The present application also provides a computer program product comprising a computer program (which may also be referred to as code, or instructions) which, when run on a computer, is capable of performing the method of the above embodiments corresponding to an image processing device.
Those of ordinary skill in the art will appreciate that the various illustrative modules and algorithm steps described in connection with the embodiments disclosed herein may be implemented as electronic hardware, or combinations of computer software and electronic hardware. Whether such functionality is implemented as hardware or software depends upon the particular application and design constraints imposed on the solution. Skilled artisans may implement the described functionality in varying ways for each particular application, but such implementation decisions should not be interpreted as causing a departure from the scope of the present application.
It will be clearly understood by those skilled in the art that, for convenience and brevity of description, specific working procedures of the above-described system, apparatus and module may refer to corresponding procedures in the foregoing method embodiments, which are not repeated herein.
In the several embodiments provided by the present application, it should be understood that the disclosed systems, devices, and methods may be implemented in other manners. For example, the apparatus embodiments described above are merely illustrative, and for example, the division of the modules is merely a logical function division, and there may be additional divisions when actually implemented, for example, multiple modules or components may be combined or integrated into another system, or some features may be omitted or not performed. Alternatively, the coupling or direct coupling or communication connection shown or discussed with each other may be an indirect coupling or communication connection via some interfaces, devices or modules, which may be in electrical, mechanical, or other forms.
The modules described as separate components may or may not be physically separate, and components shown as modules may or may not be physical modules, i.e., may be located in one place, or may be distributed over a plurality of network modules. Some or all of the modules may be selected according to actual needs to achieve the purpose of the solution of this embodiment.
In addition, each functional module in each embodiment of the present application may be integrated into one processing module, or each module may exist alone physically, or two or more modules may be integrated into one module.
The functions, if implemented in the form of software functional modules and sold or used as a stand-alone product, may be stored in a computer-readable storage medium.

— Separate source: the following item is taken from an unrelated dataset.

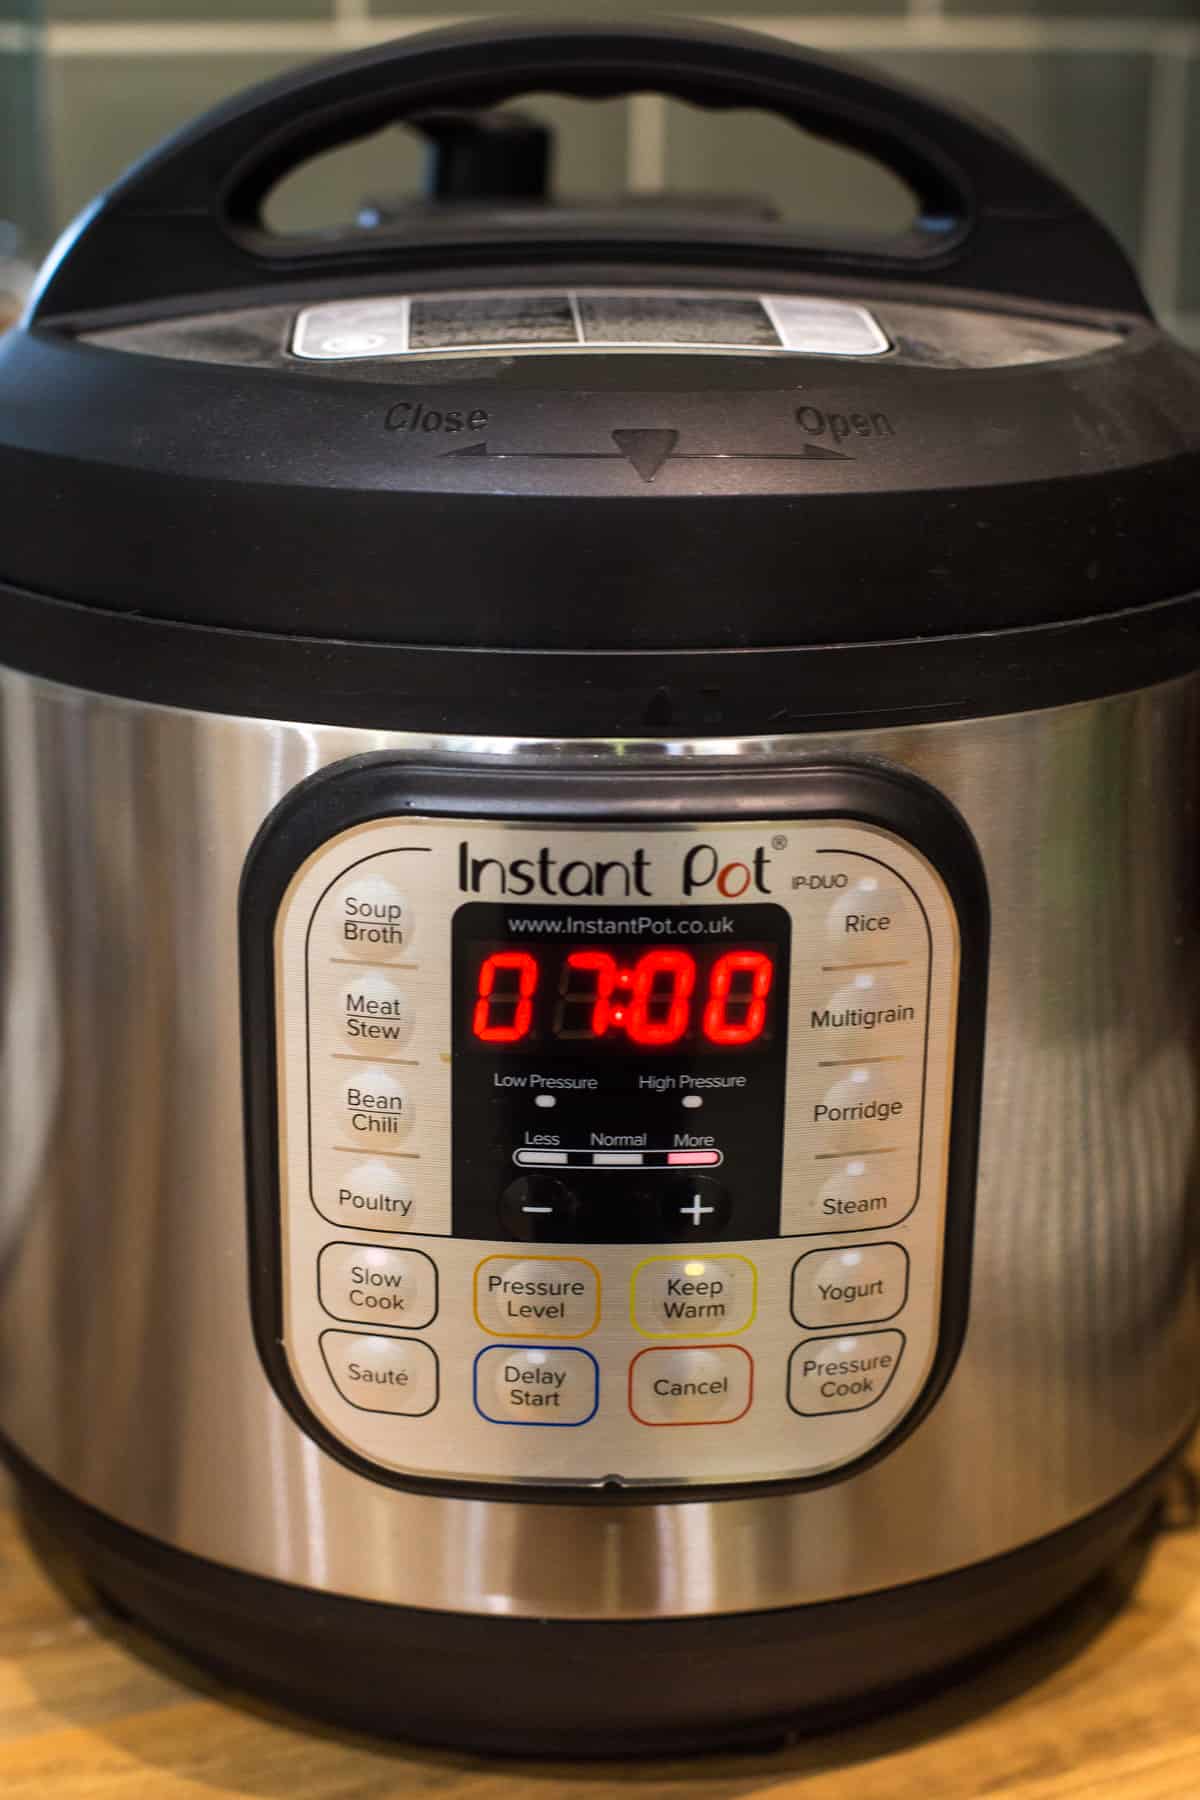 Instant Pot set to slow cook for 7 hours

Based on this understanding, the technical solution of the present application may be embodied essentially or in a part contributing to the prior art or in a part of the technical solution, in the form of a software product stored in a storage medium, comprising several instructions for causing a computer device (which may be a personal computer, a server, a network device, etc.) to perform all or part of the steps of the method according to the embodiments of the present application. And the aforementioned storage medium includes: a U-disk, a removable hard disk, a read-only memory (ROM), a random access memory (random access memory, RAM), a magnetic disk, or an optical disk, or other various media capable of storing program codes.

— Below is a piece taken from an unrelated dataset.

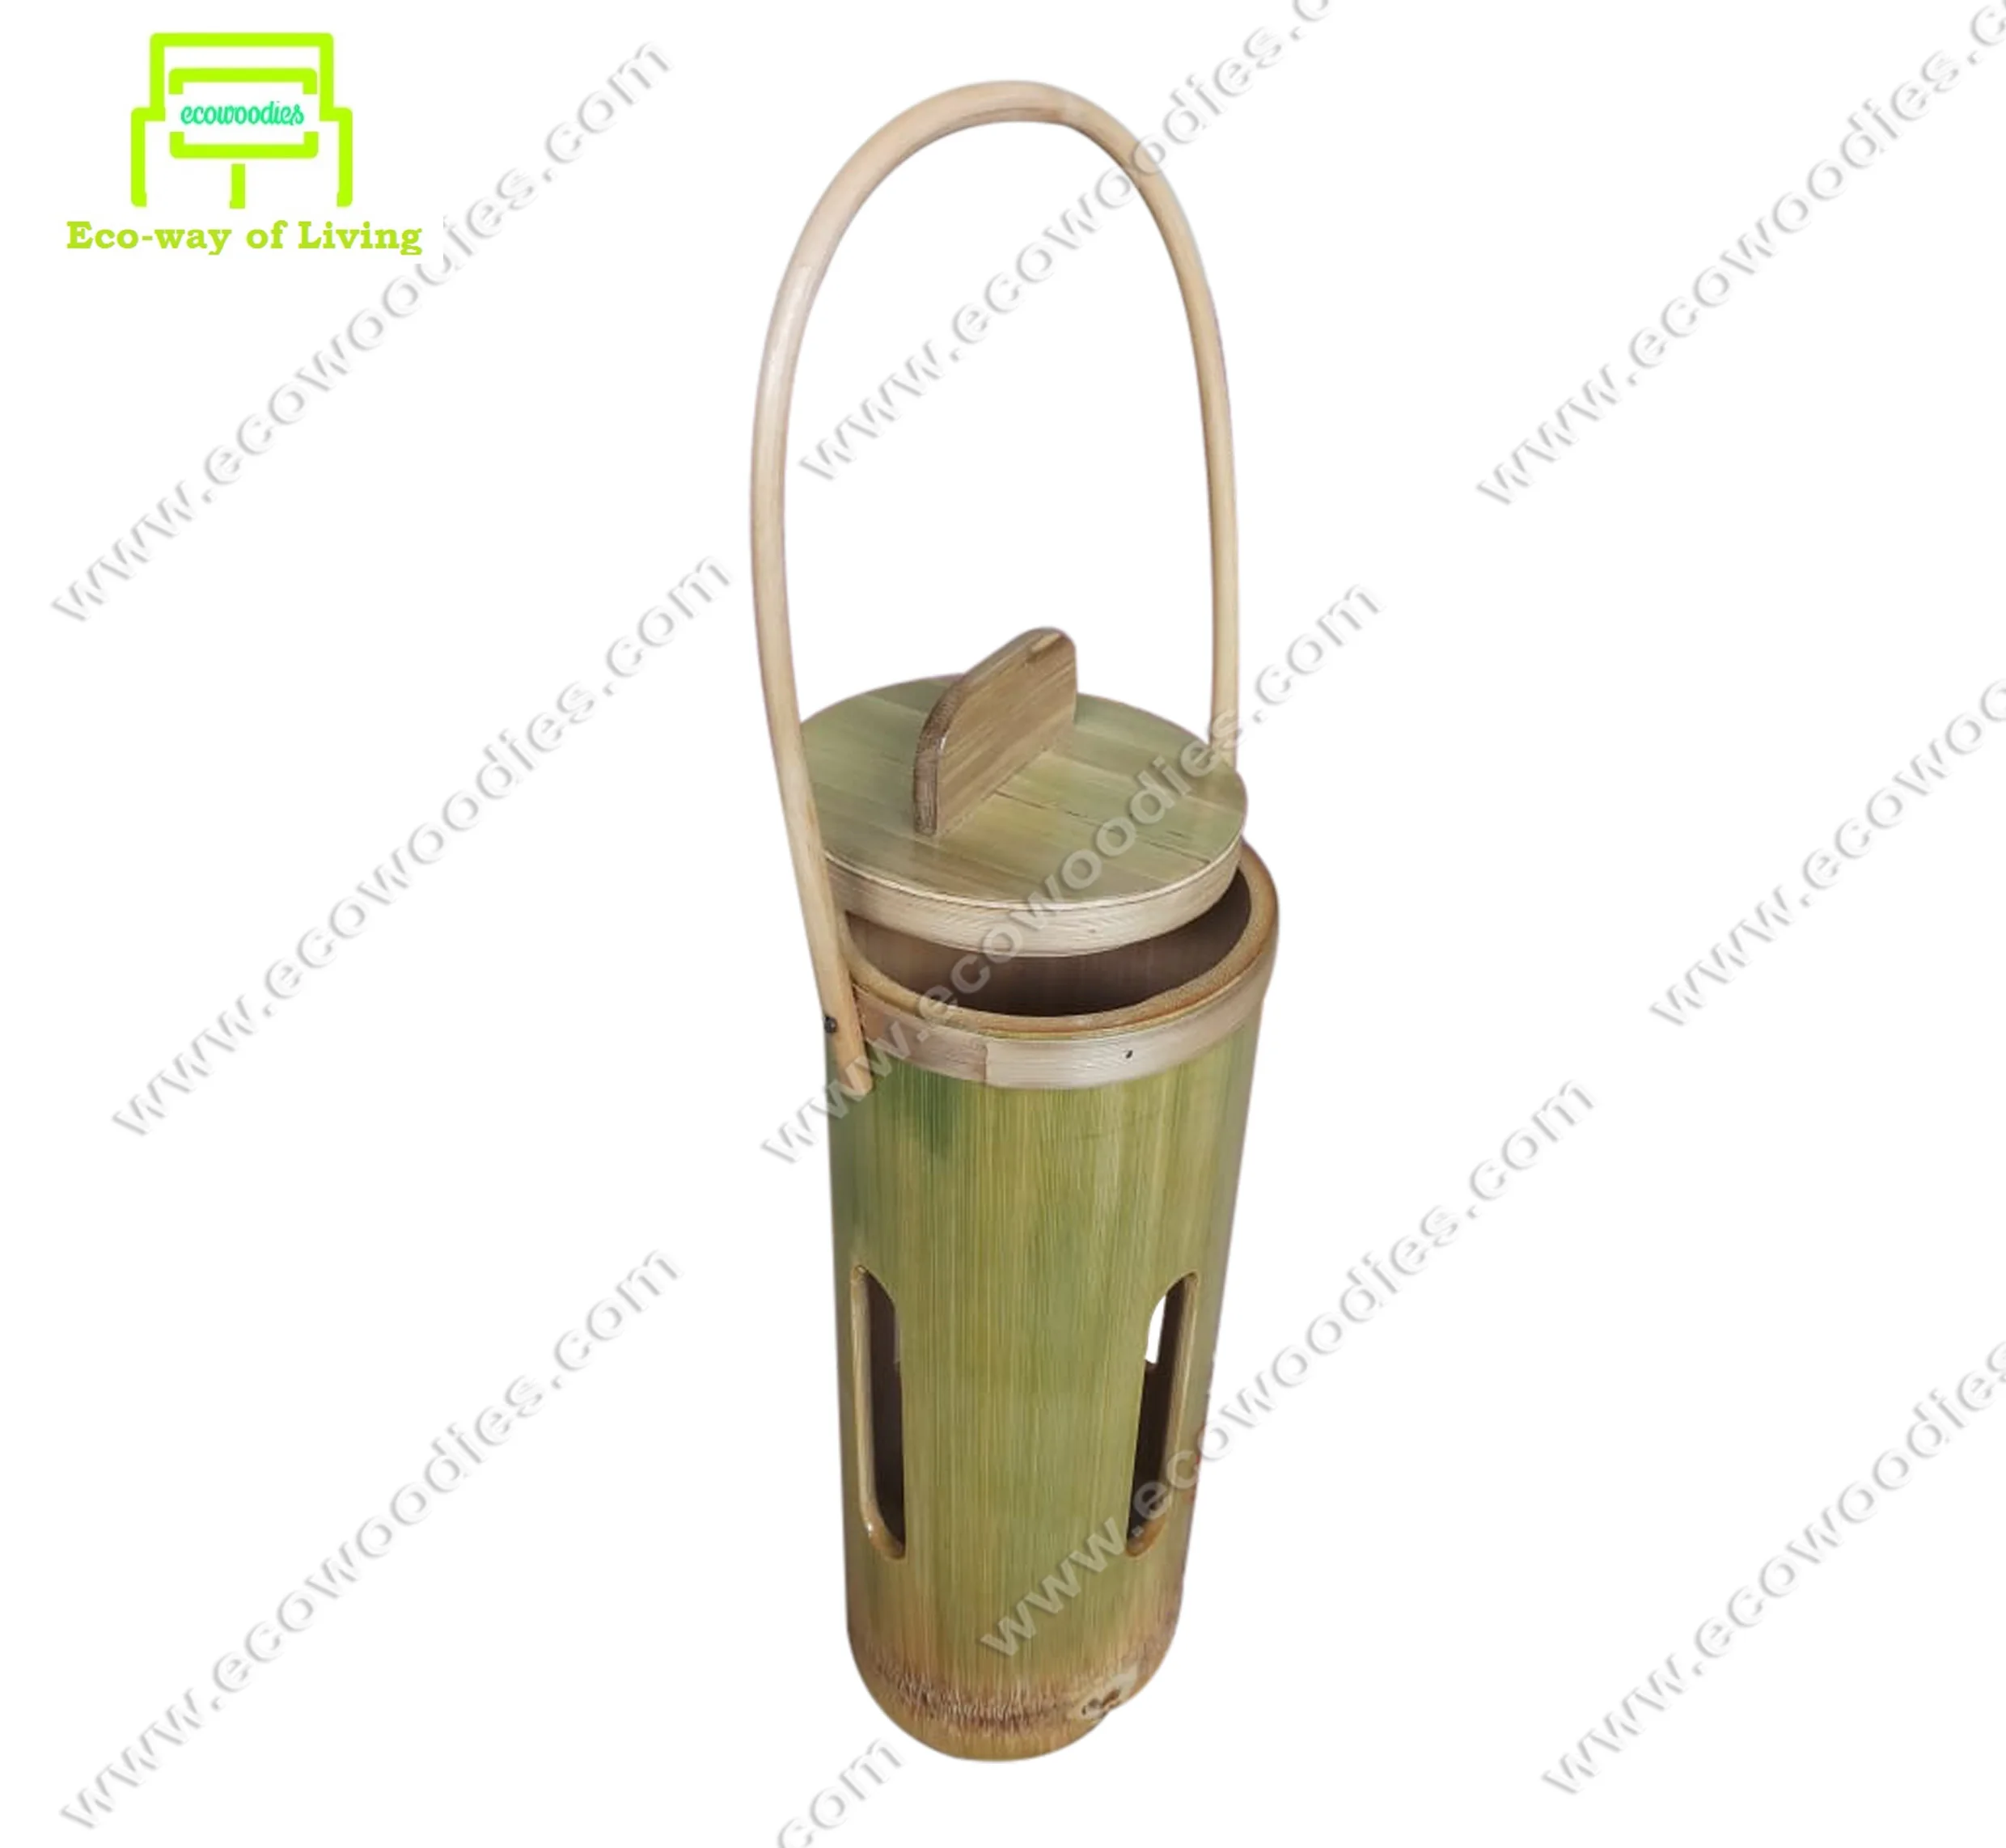 march expo 2020 top selling ceiling led lamp with lid can be used table top made from eco-friendly bamboo ideal for hotels house

The foregoing is merely a specific implementation of the present application, but the scope of the embodiments of the present application is not limited thereto, and any person skilled in the art may easily think about changes or substitutions within the technical scope of the embodiments of the present application, and all changes and substitutions are included in the scope of the embodiments of the present application. Therefore, the protection scope of the embodiments of the present application shall be subject to the protection scope of the claims.